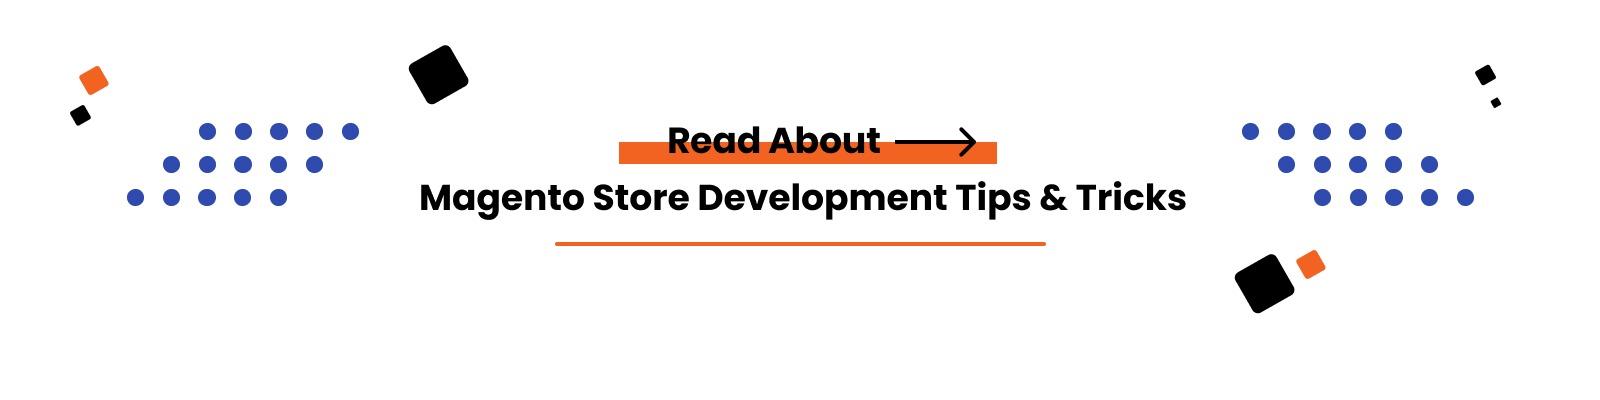 ELS-Schmuckwaren - Magento Store Development Tips
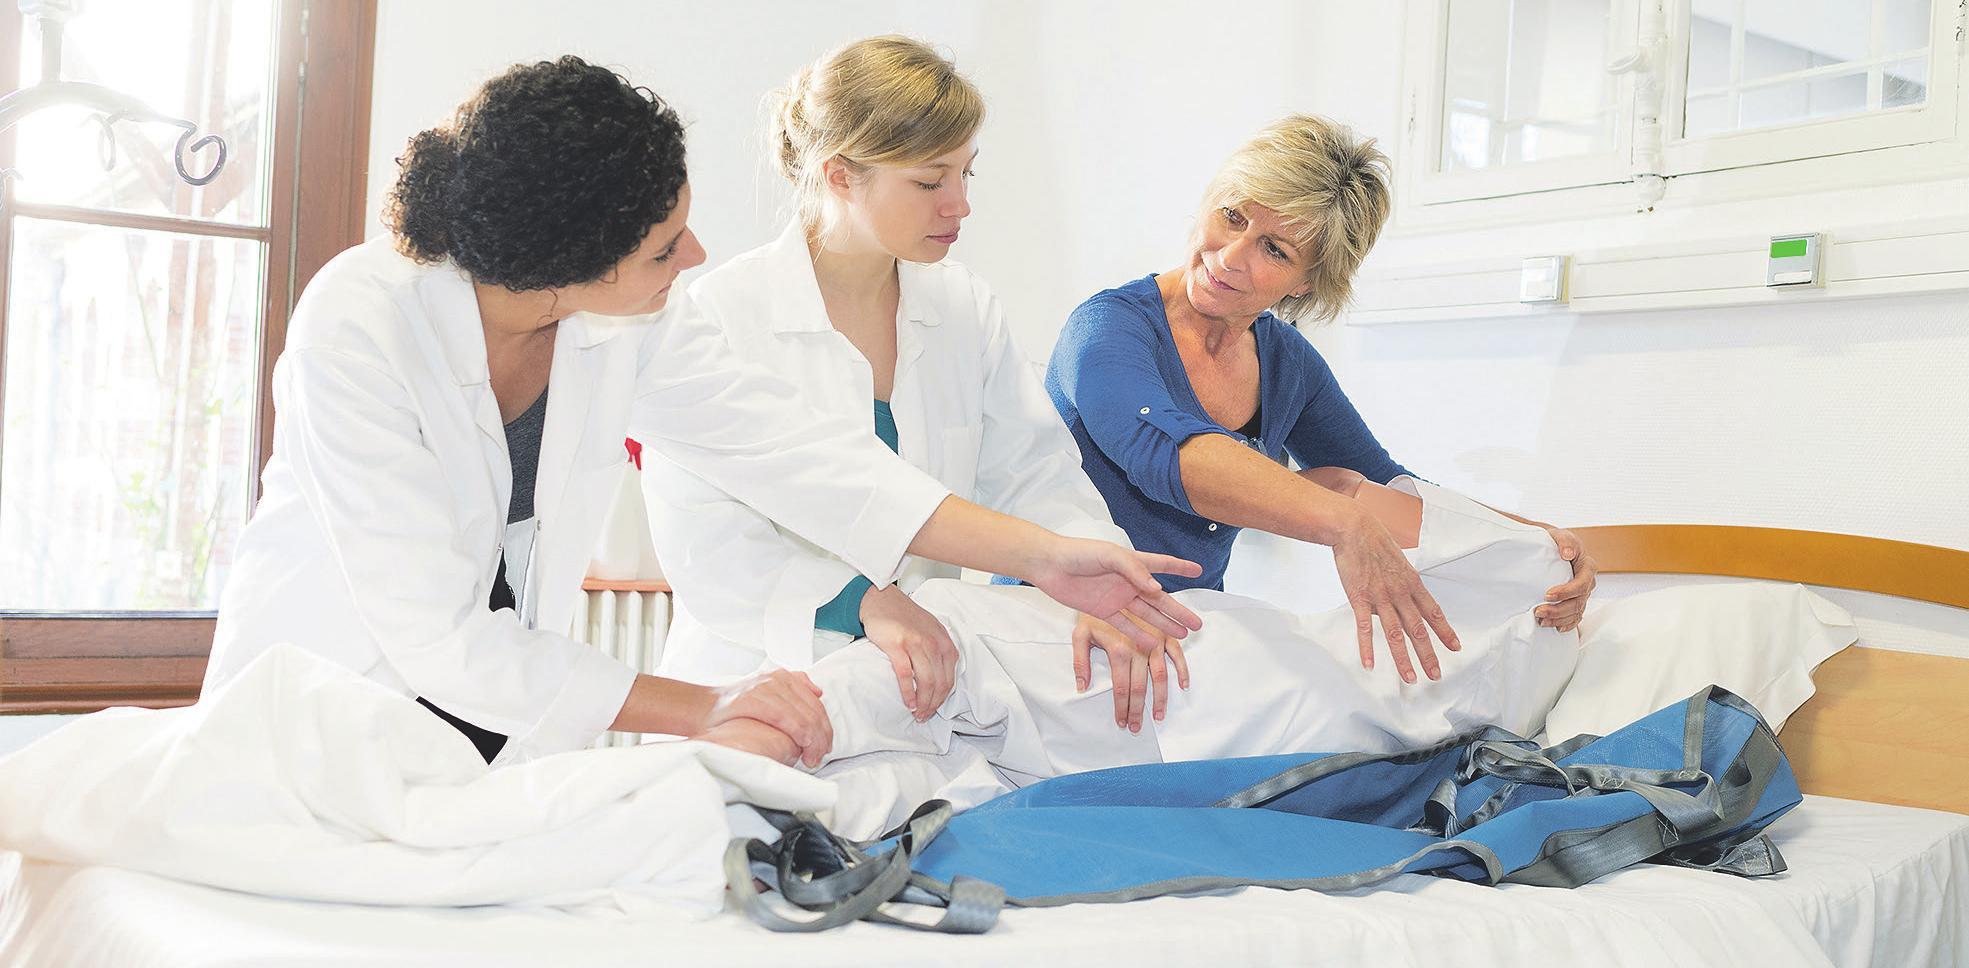 In Deutschland gibt es zu wenige Pflegekräfte – Aufgrund der Corona-Krise könnte es nun bald attraktiver werden, diesen Beruf zu ergreifen
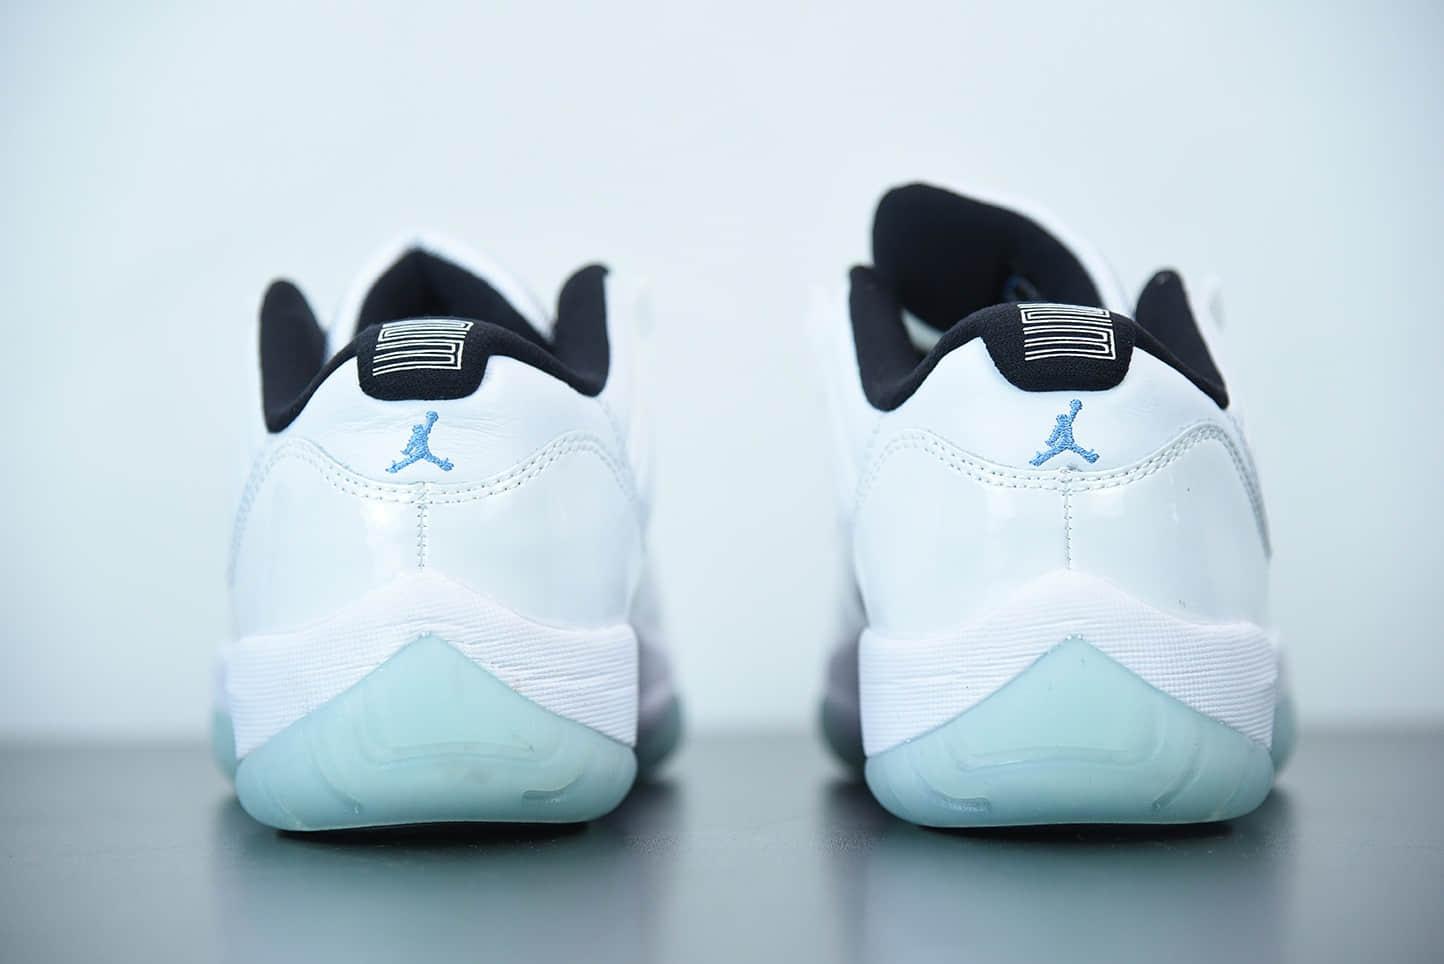 乔丹Air Jordan 11 Retro Low Legend Blue AJ11乔11 传奇蓝低帮男子文化篮球鞋纯原版本货号:AV2187-117
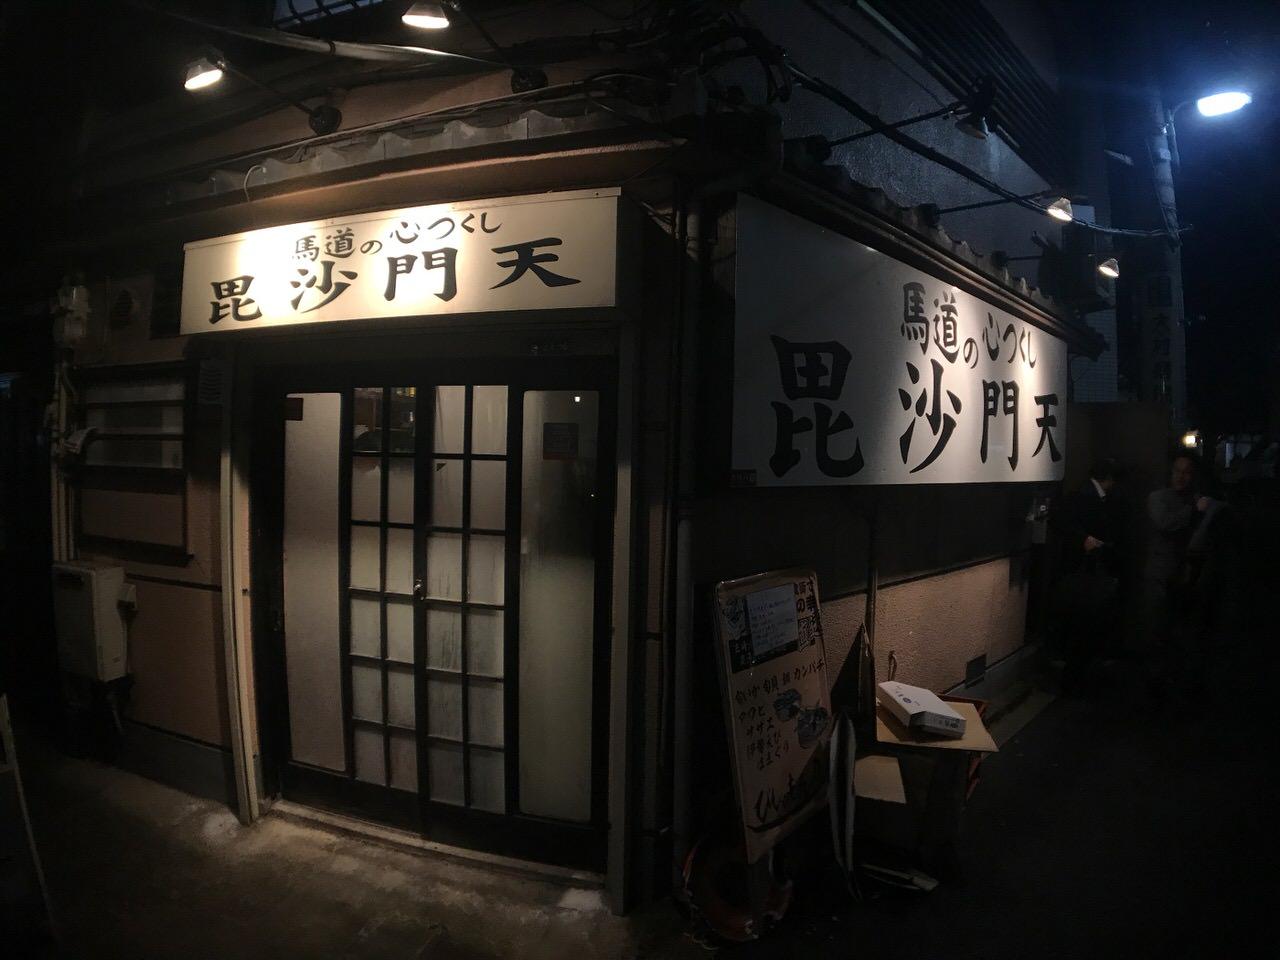 「毘沙門天」馬肉尽くしの料理が食べられる隠れ家的居酒屋

-------

> _Exercise aim_:
Starting from the line that contains "乔丹Air Jordan 11", transcribe exactly each line down to the final line of the material above, excluding every picture and adding nothing else.

> _Expected answer_:
 乔丹Air Jordan 11 Retro Low Legend Blue AJ11乔11 传奇蓝低帮男子文化篮球鞋纯原版本货号:AV2187-117
 「毘沙門天」馬肉尽くしの料理が食べられる隠れ家的居酒屋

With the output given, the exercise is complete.